El presidente Hugo Chávez tenía menos de un año en el poder. Antes de que comenzara el aguacero todo el mundo estaba concentrado en la elección de los integrantes de una Asamblea Nacional Constituyente y en la posibilidad de un cambio profundo en el país. Yo era un niño y no sabía nada sobre política, pero si pude ver como los vecinos tomaban las camisas rojas del partido de gobierno y las amarraban a un palo para darle forma de bandera y llamar la atención del helicóptero.
 

“¡Agítenla, agítenla! ¡Con fuerza!”,  le  gritaban a los dos  hombres que portaban aquellas improvisadas banderas. “¡Estamos vivos, estamos vivos!”, continuaban gritando.
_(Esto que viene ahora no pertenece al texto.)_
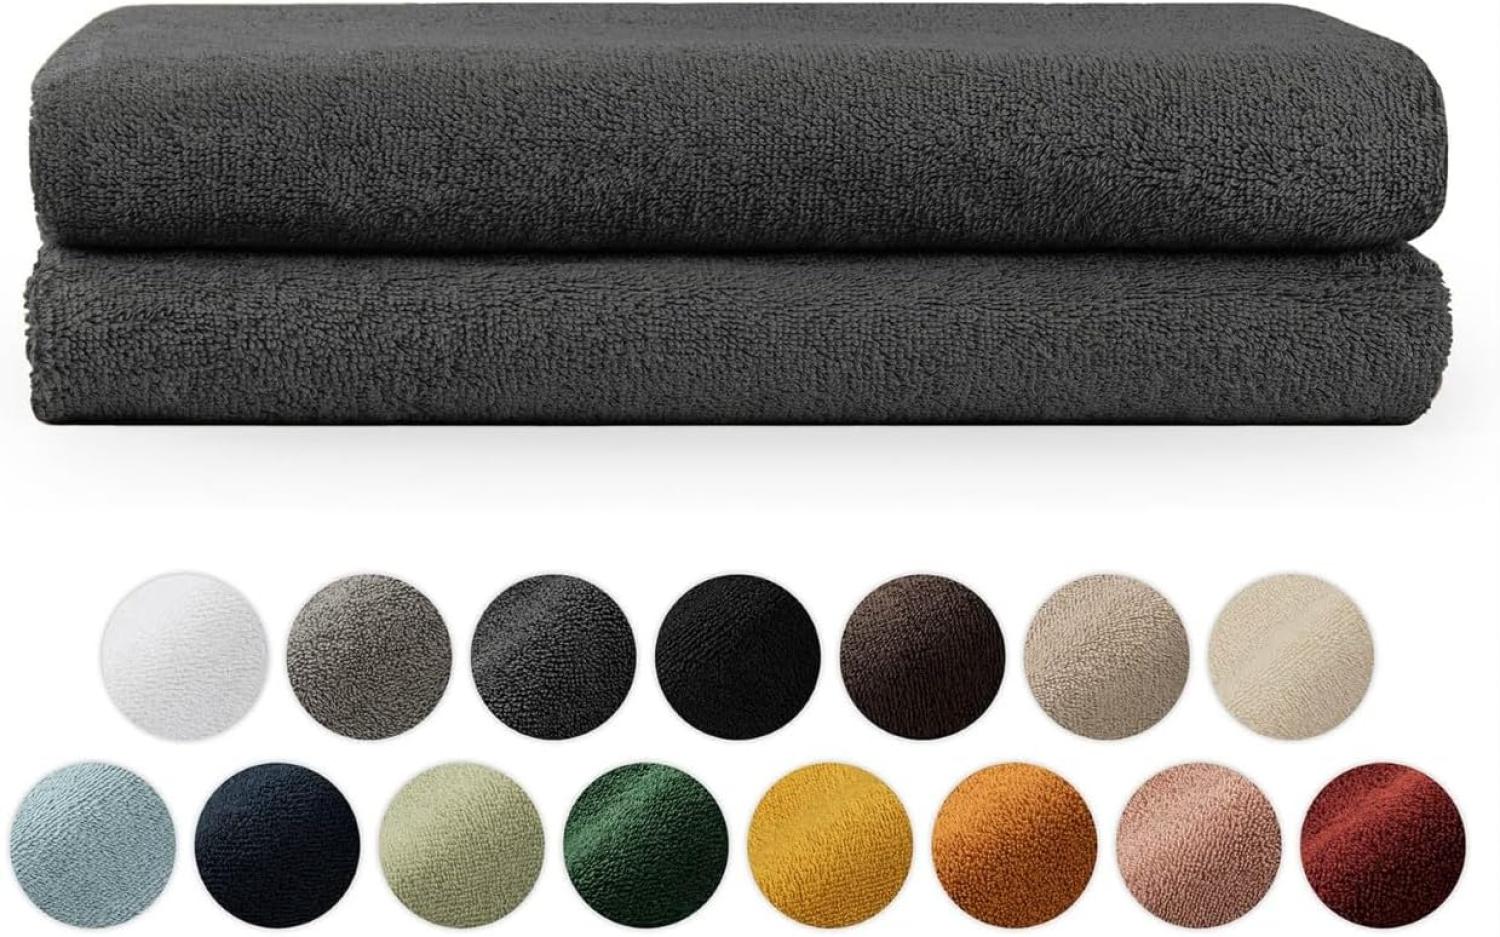 Blumtal Premium Frottier Handtücher Set mit Aufhängschlaufen - Baumwolle Oeko-TEX Zertifiziert, weich, saugstark - 2X Badetuch (70x140 cm), Anthrazit Bild 1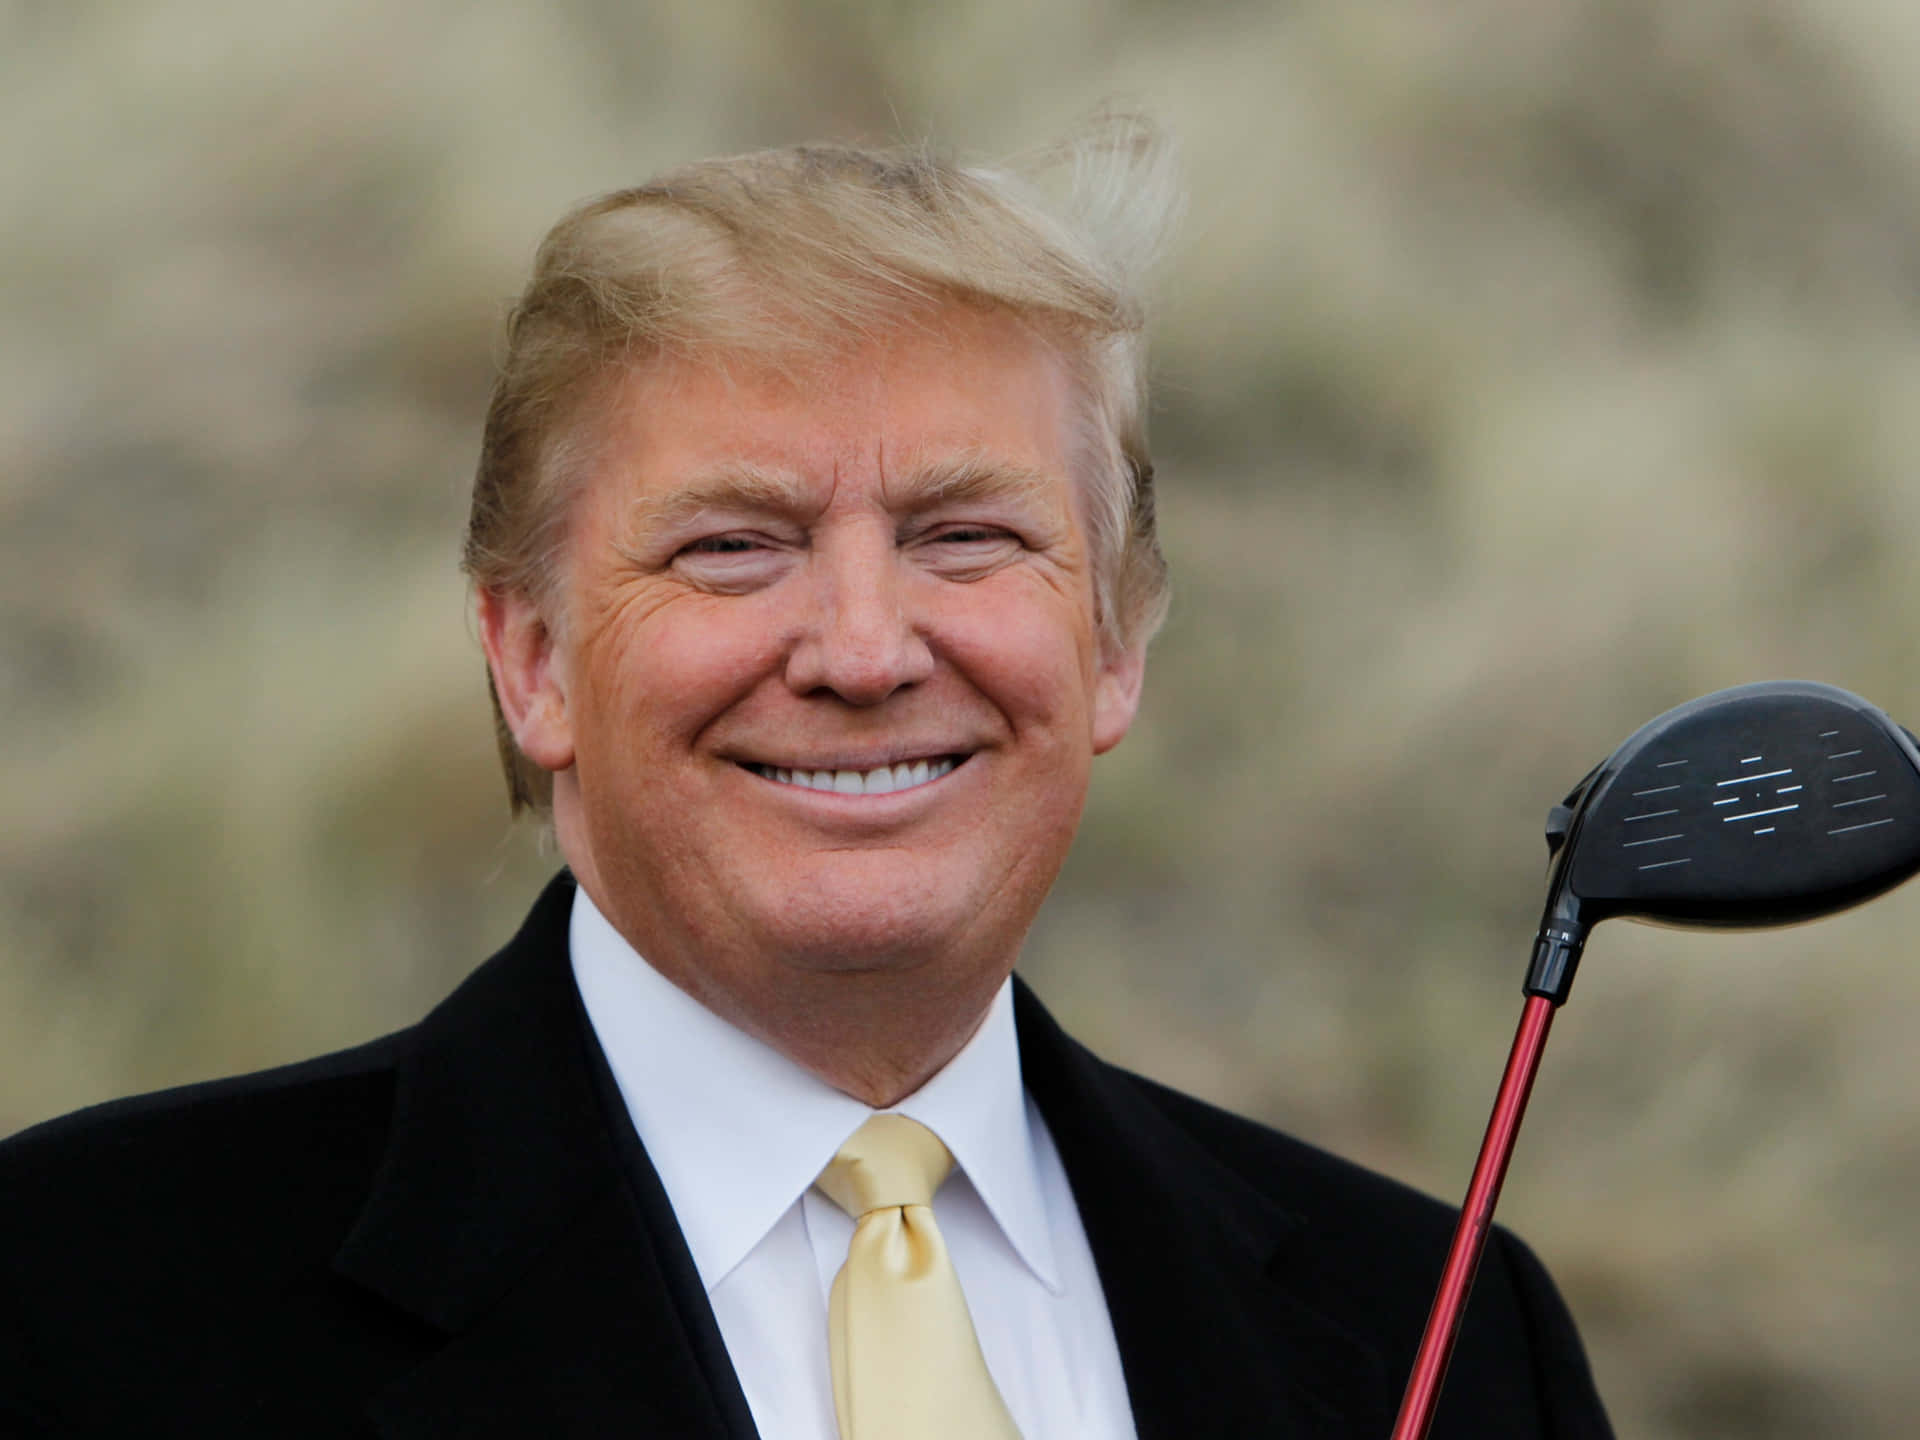 L'expresidente Donald Trump Sorride Con La Sua Iconica Cravatta Rossa.

Pero el helicóptero  se fue alejando hasta desaparecer. Pensé que todos íbamos a morir.
 

Muchos lloraban y mi abuela los consolaba. Yo seguía aferrado a mi mamá y  en un momento le pregunté: "¿Mamá, nos vamos a morir?”. Ella no respondió. 

 

III
 

El río no dejaba de crecer; a la misma velocidad  que nuestra angustia. Unos vecinos consiguieron un par de cuerdas para atarlas de un extremo al otro de un puente cubierto por el caudal del río Curucutí. Si cruzábamos aferrados a esas cuerdas, la corriente no nos arrastraría.
 

Nos dividieron en dos grupos. El primer grupo hizo un trayecto exitoso y logró ponerse a salvo. Mi padre, mi mamá, mi hermano, mi abuela y yo nos preparamos para ser los siguientes. ”Reinaldo, tú subes a Rendervis sobre tus hombros y yo agarro fuerte a Rey por el brazo”, le explicó mi mamá a mi papá. Mi abuela iba a la cabeza y era ayudada por dos hombres; pasó sin problemas. Asimismo, mi padre y mi hermano continuaron sin dificultades. Quedábamos mi madre y yo.
 

Ella estaba nerviosa. Yo lloraba y sentía entre mis piernas flaquitas todo lo que arrastraba el río, sin saber con exactitud qué llevaba el caudal. De un momento a otro, perdí el vínculo con mi mamá y la corriente me arrastró. Recuerdo los gritos desesperados de mi mamá.
 

Sobreviví porque mi tío Roland, que nos seguía, me rescató. “¡Rey corre, corre!”, me dijo. No sé cómo, pero llegué a los brazos de mi mamá. Mi ropa estaba llena de barro. Perdí mis zapatos. Estaba descalzo, pero vivo. Con mi mamá, con mi familia.
 

Entre lágrimas llegamos a un refugio en el batallón Simón Bolívar de La Guaira. Allí pasamos una noche, desconsolados porque lo perdimos todo. Pero al día siguiente, dimos gracias a Dios. Estábamos juntos y vivos.